Each time this method is called, a new TCP connection is created (with a TCP 3-way handshake) and the GET is then sent on that connection. But I want to reuse the TCP connections, to improve performance.

I guess that since I create a new URL object each time the method is called, this is the way it going to work...

Maybe someone can help me do this in a better way?

Thanks!

plithner
  • 325
  • 4
  • 14

2 Answers2

6

HttpURLConnection will reuse connections if it can!

For this to work, several preconditions need to be fulfilled, mostly on the server side. Those preconditions are described in the article linked to above.

Joachim Sauer
  • 302,674
  • 57
  • 556
  • 614
  • Thanks! I have have read that document, and I think the preconditions are fulfilled. I know that the server fulfills them, because I have tried accessing the URLS with several different browsers (IE, Chrome, FIrefox) and in all cases the TCP connection is reused for several HTTP GETs. – plithner Mar 28 '11 at 16:59
  • I still end up thinking that I'm doing something wrong in the code... Like the fact that for each URL I create a new URL object. It does not feel right, but I have not been able to do it any other way. – plithner Mar 28 '11 at 17:00
  • @user: since `URL` objects can't be modified, you have to create a new one each time, so that's certainly not the problem. – Joachim Sauer Mar 28 '11 at 18:31
  • Sorry for commenting on my own post like this... but I realize that what you (Joachim) was referring to was this: "but the underlying network connection to the HTTP server may be transparently shared by other instances". I guess that creating a new instance for each GET would be OK then. Any other ideas what I might be doing wrong? I Have tried adding connection.setRequestProperty("Connection","keep-alive"); But it does not help. – plithner Mar 28 '11 at 20:38
  • Some more information: I found that when I access a certain URL (www.itunes.com) I can see that some GETs are sent on the same TCP connection. Great news, but only a few of the GETs are sent this way. When using a "real" browser to access the same URL, several more requests are sent on the same connection. The end result is that my client takes several times longer to download the page. – plithner Mar 29 '11 at 07:50
  • Is there any solution for this scenario ? – SkyEagle888 Feb 21 '14 at 07:15
2

Found the problem! I was not reading the input stream properly. This caused the input stream objects to hang, and they could not be reused.

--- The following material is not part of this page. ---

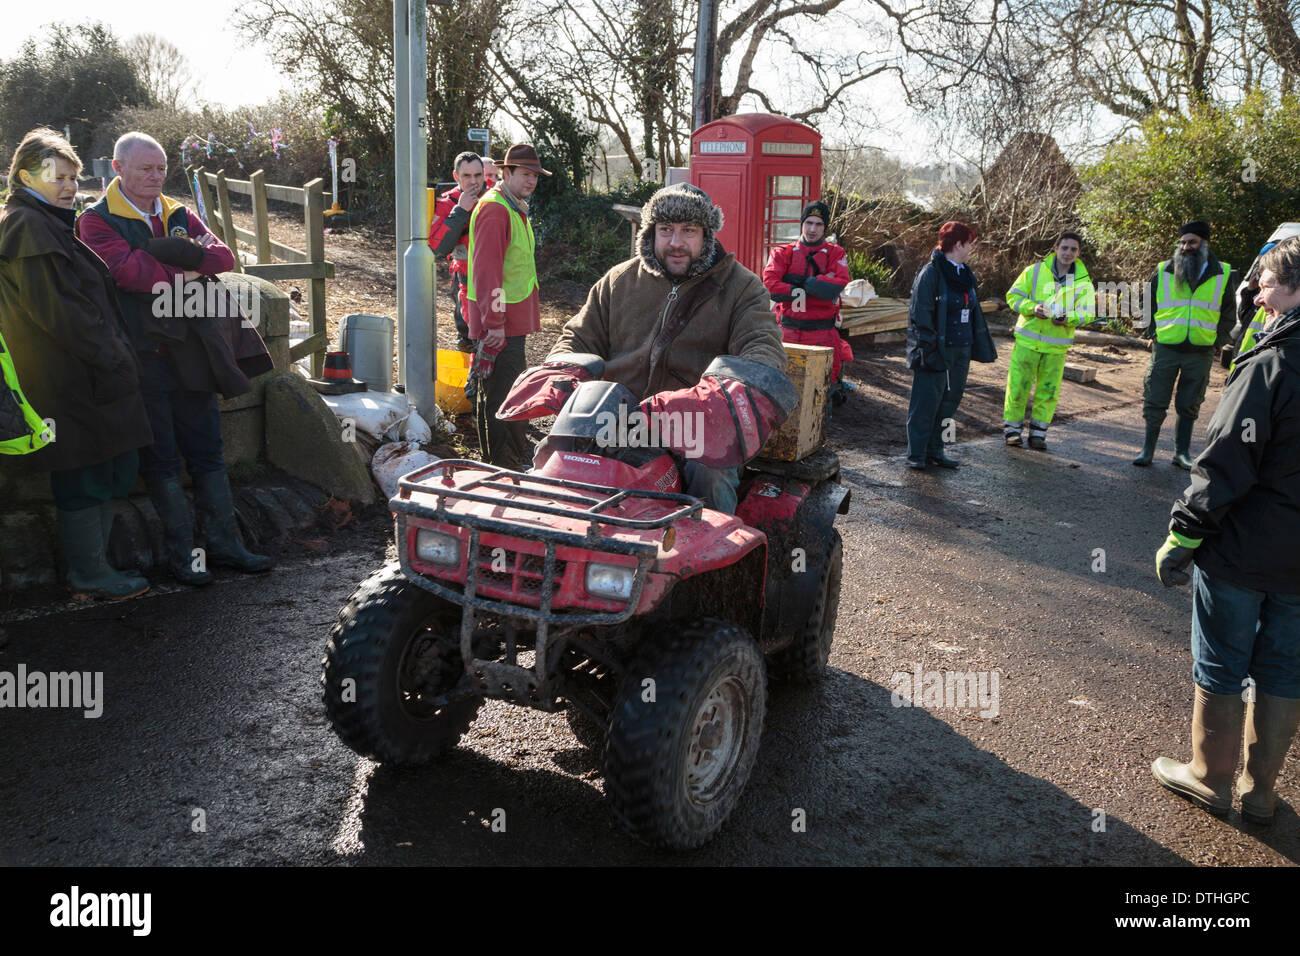 Pub landlord Jim Winkworth of the King Alfred Inn runs errands on his quad bike to help local flood victims at Burrowbridge. - Stock Image

I only defined it, like this:

InputStreamReader isr = new InputStreamReader(connection.getInputStream());

but I never read from it :-)

I changed the read method as well. Instead of a buffered reader I stole this:

InputStream in = null; 
String queryResult = "";
try {
     URL url = new URL(archiveQuery);
     HttpURLConnection urlConn = (HttpURLConnection) url.openConnection();
     HttpURLConnection httpConn = (HttpURLConnection) urlConn;
     httpConn.setAllowUserInteraction(false);
     httpConn.connect();
     in = httpConn.getInputStream();
     BufferedInputStream bis = new BufferedInputStream(in);
     ByteArrayBuffer baf = new ByteArrayBuffer(50);
     int read = 0;
     int bufSize = 512;
     byte[] buffer = new byte[bufSize];
     while(true){
         read = bis.read(buffer);
         if(read==-1){
           break;
         }
         baf.append(buffer, 0, read);
     }
     queryResult = new String(baf.toByteArray());
     } catch (MalformedURLException e) {
          // DEBUG
          Log.e("DEBUG: ", e.toString());
     } catch (IOException e) {
          // DEBUG
          Log.e("DEBUG: ", e.toString());
     } 
}

From here: Reading HttpURLConnection InputStream - manual buffer or BufferedInputStream?

Community
  • 1
  • 1
plithner
  • 325
  • 4
  • 14